MATERIALS PROVIDED »

------------------------------------------------

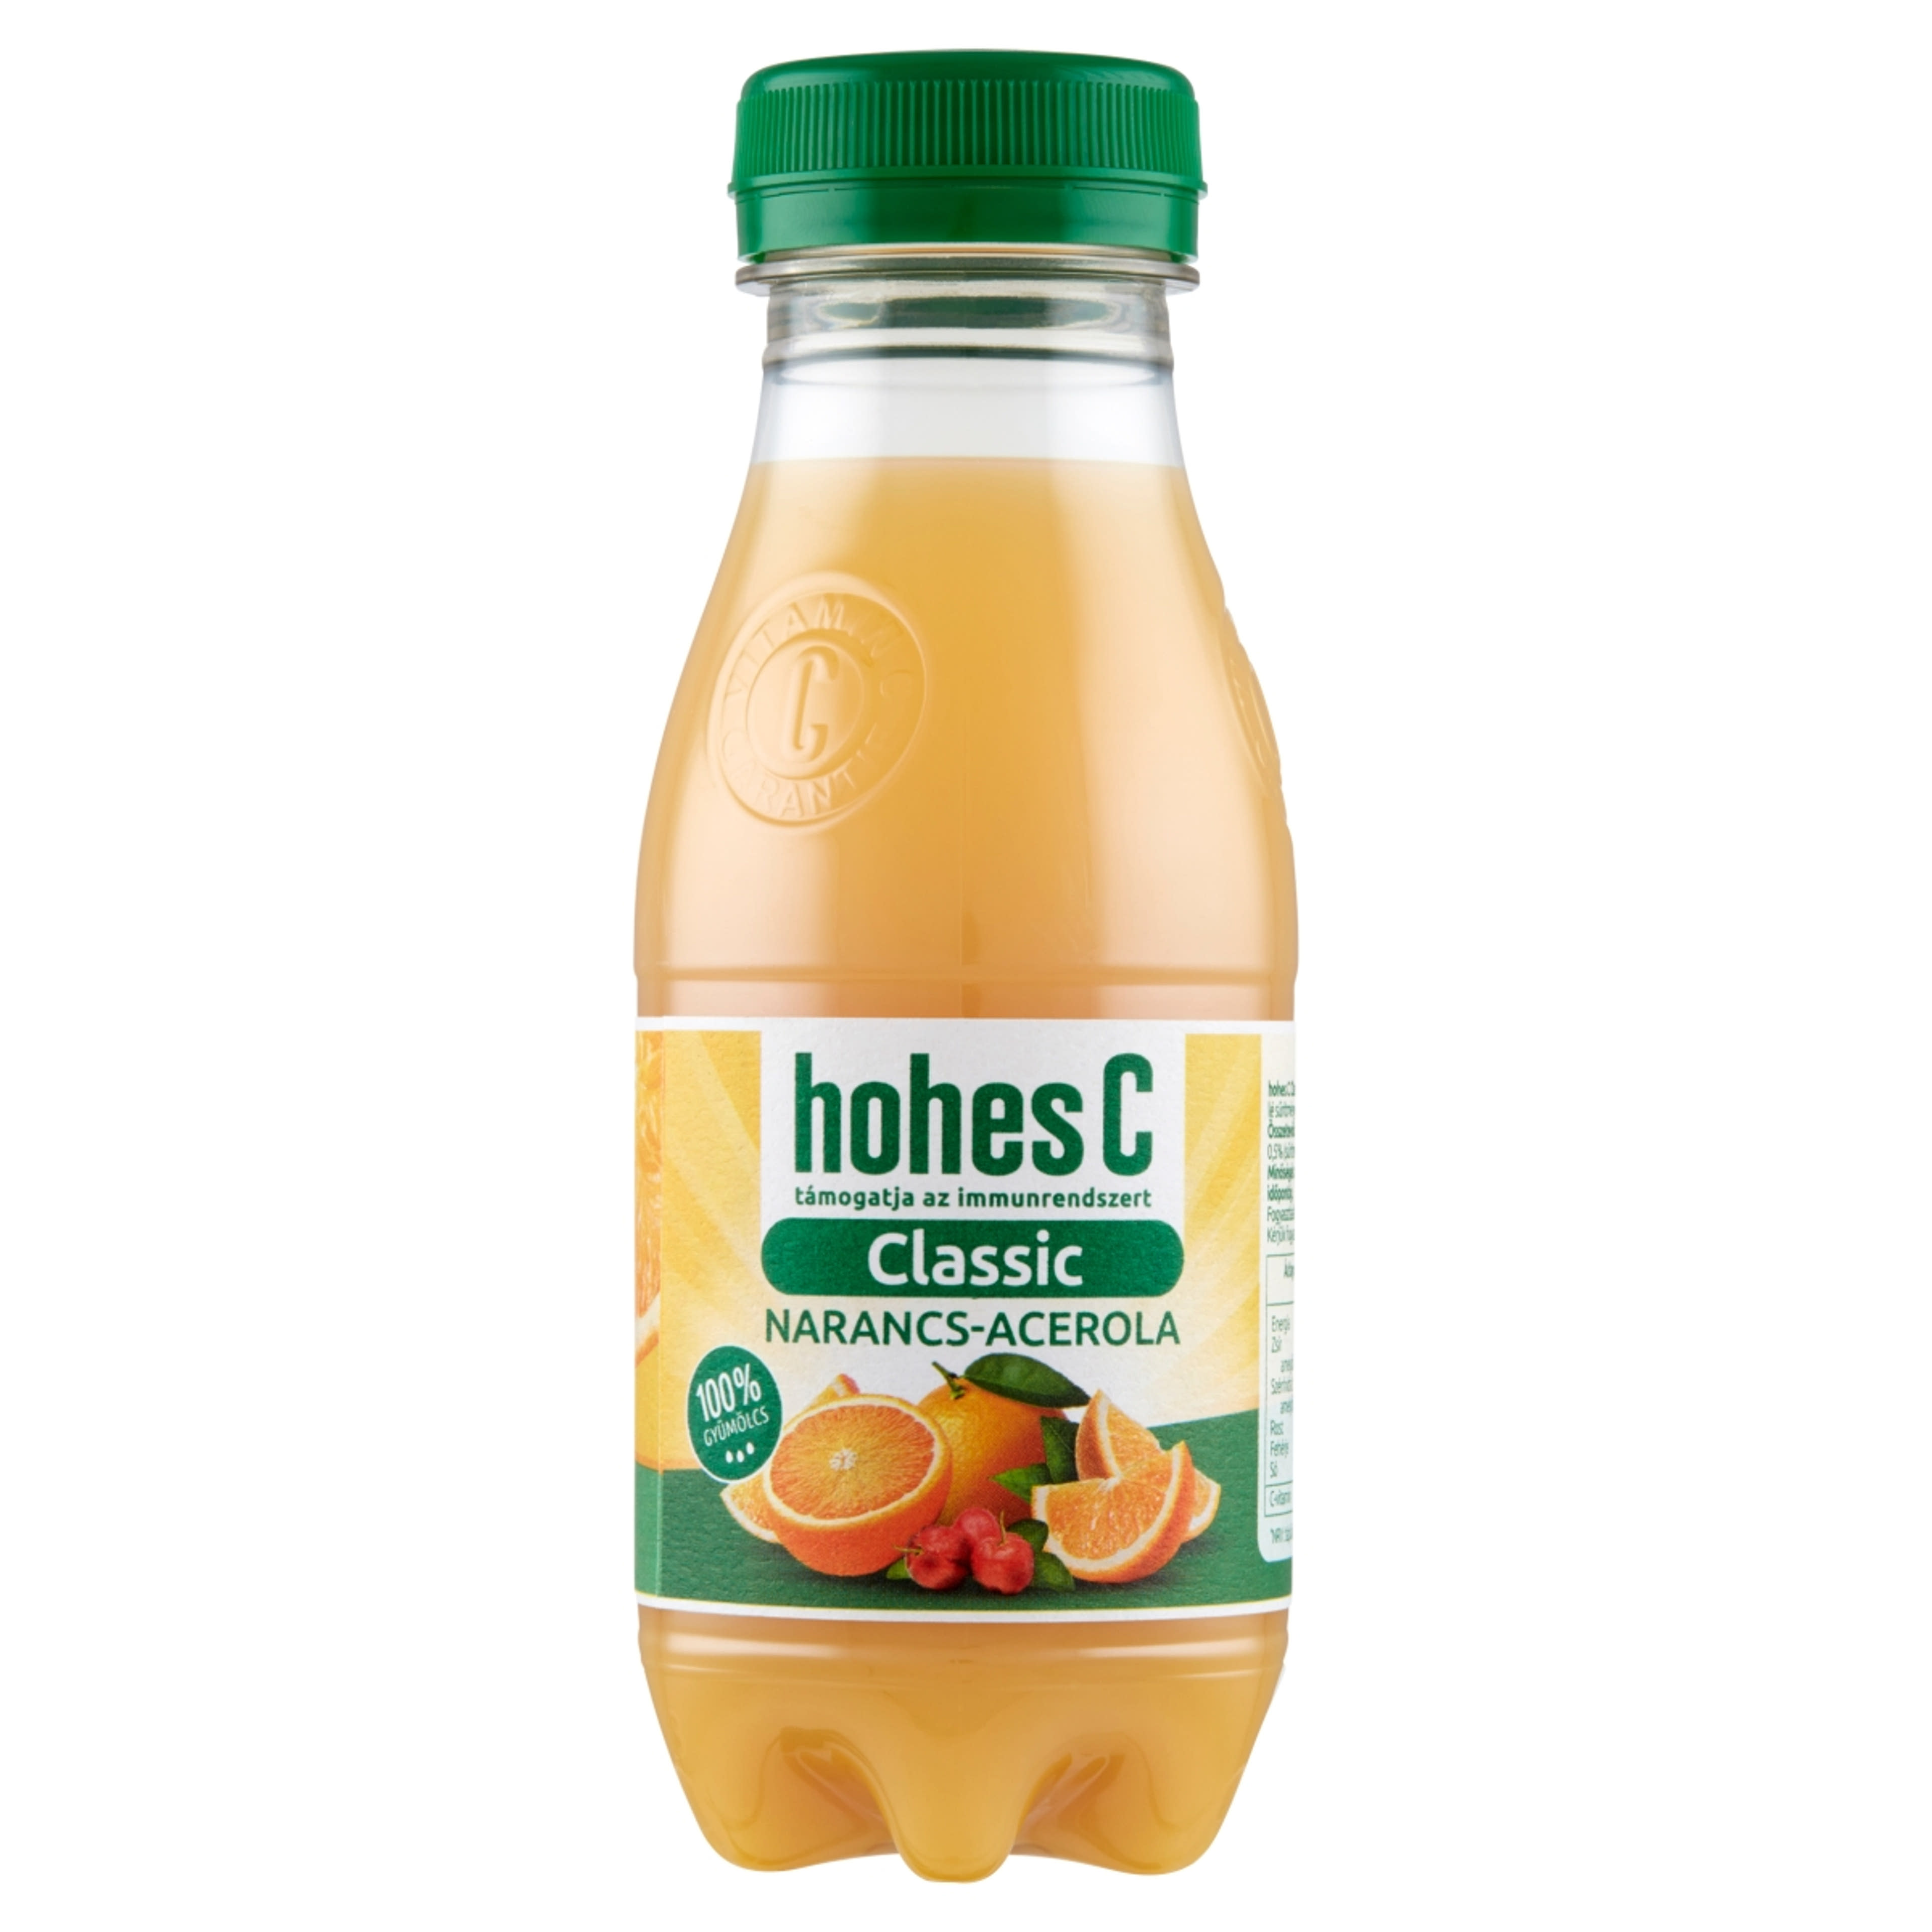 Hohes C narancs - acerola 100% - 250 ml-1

------------------------------------------------

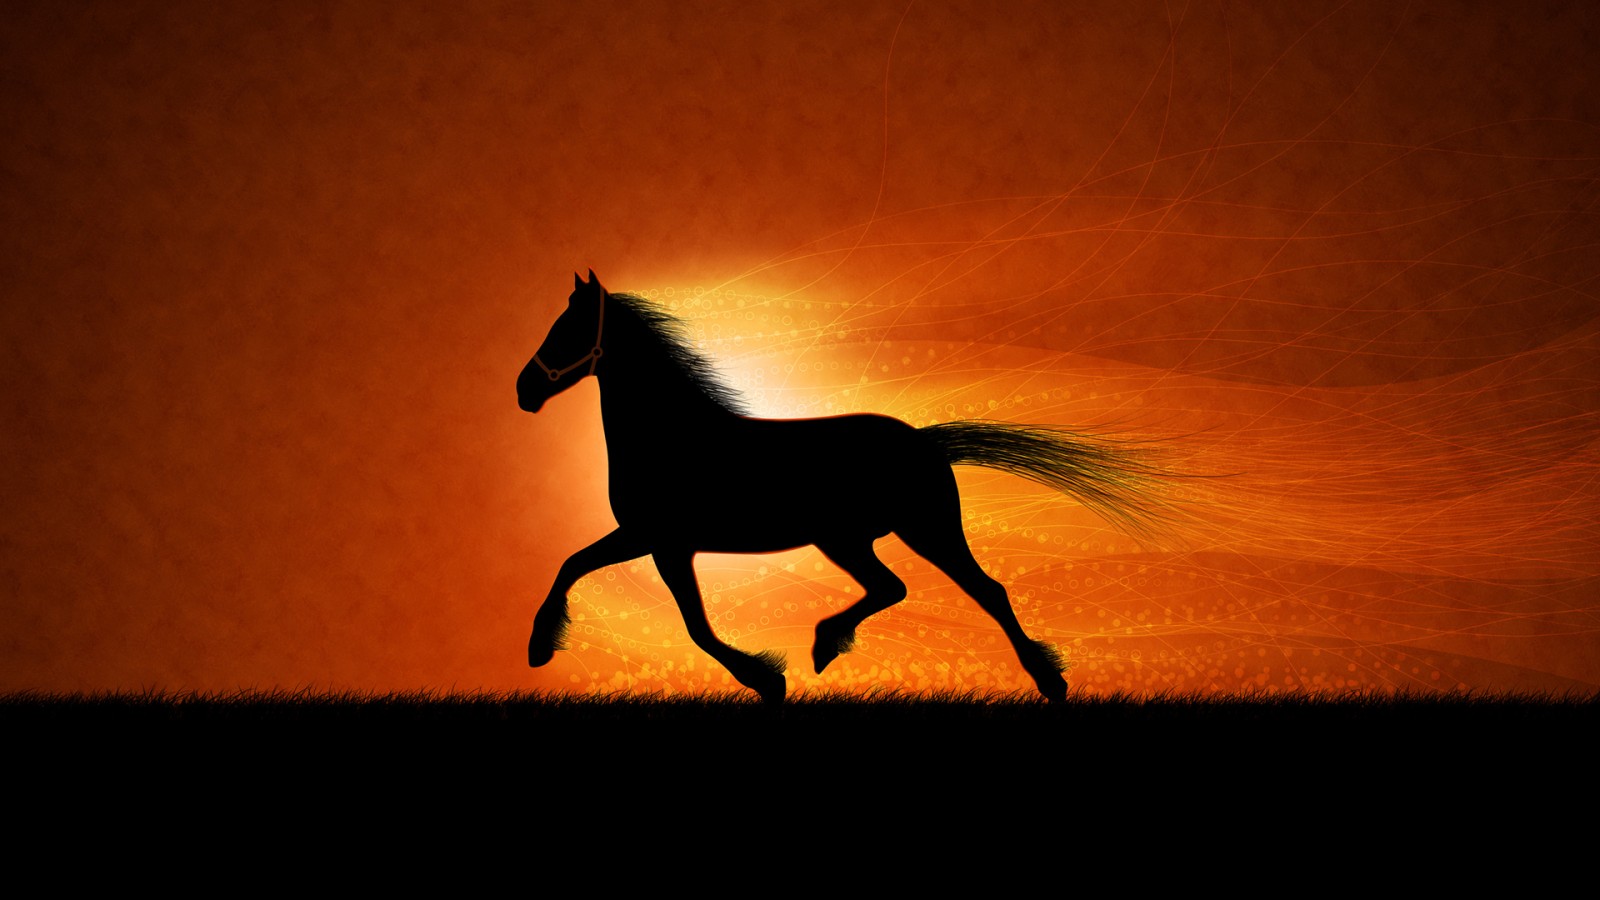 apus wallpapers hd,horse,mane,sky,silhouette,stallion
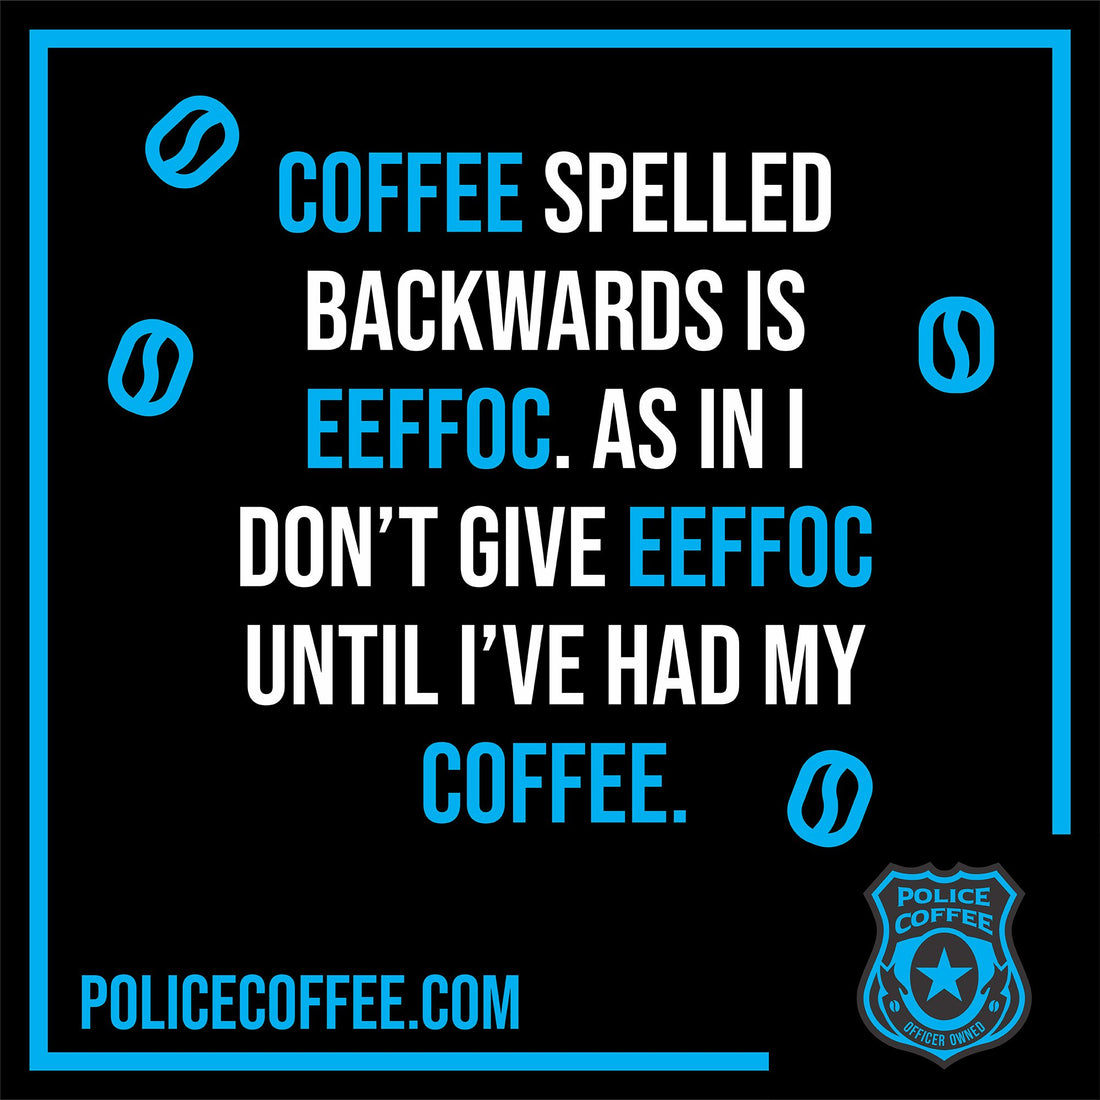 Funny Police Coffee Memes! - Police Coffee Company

------------------------------------------------

WORK ORDER »
Find where the line with "apus wallpapers hd,horse,mane,sky,silhouette,stallion" sits in the material above and where the line with "Funny Police Coffee" sits. Set down exactly the lines from the first to the second, both included and nothing else, without pictures.

WRITTEN RESPONSE »
 apus wallpapers hd,horse,mane,sky,silhouette,stallion
 Funny Police Coffee Memes! - Police Coffee Company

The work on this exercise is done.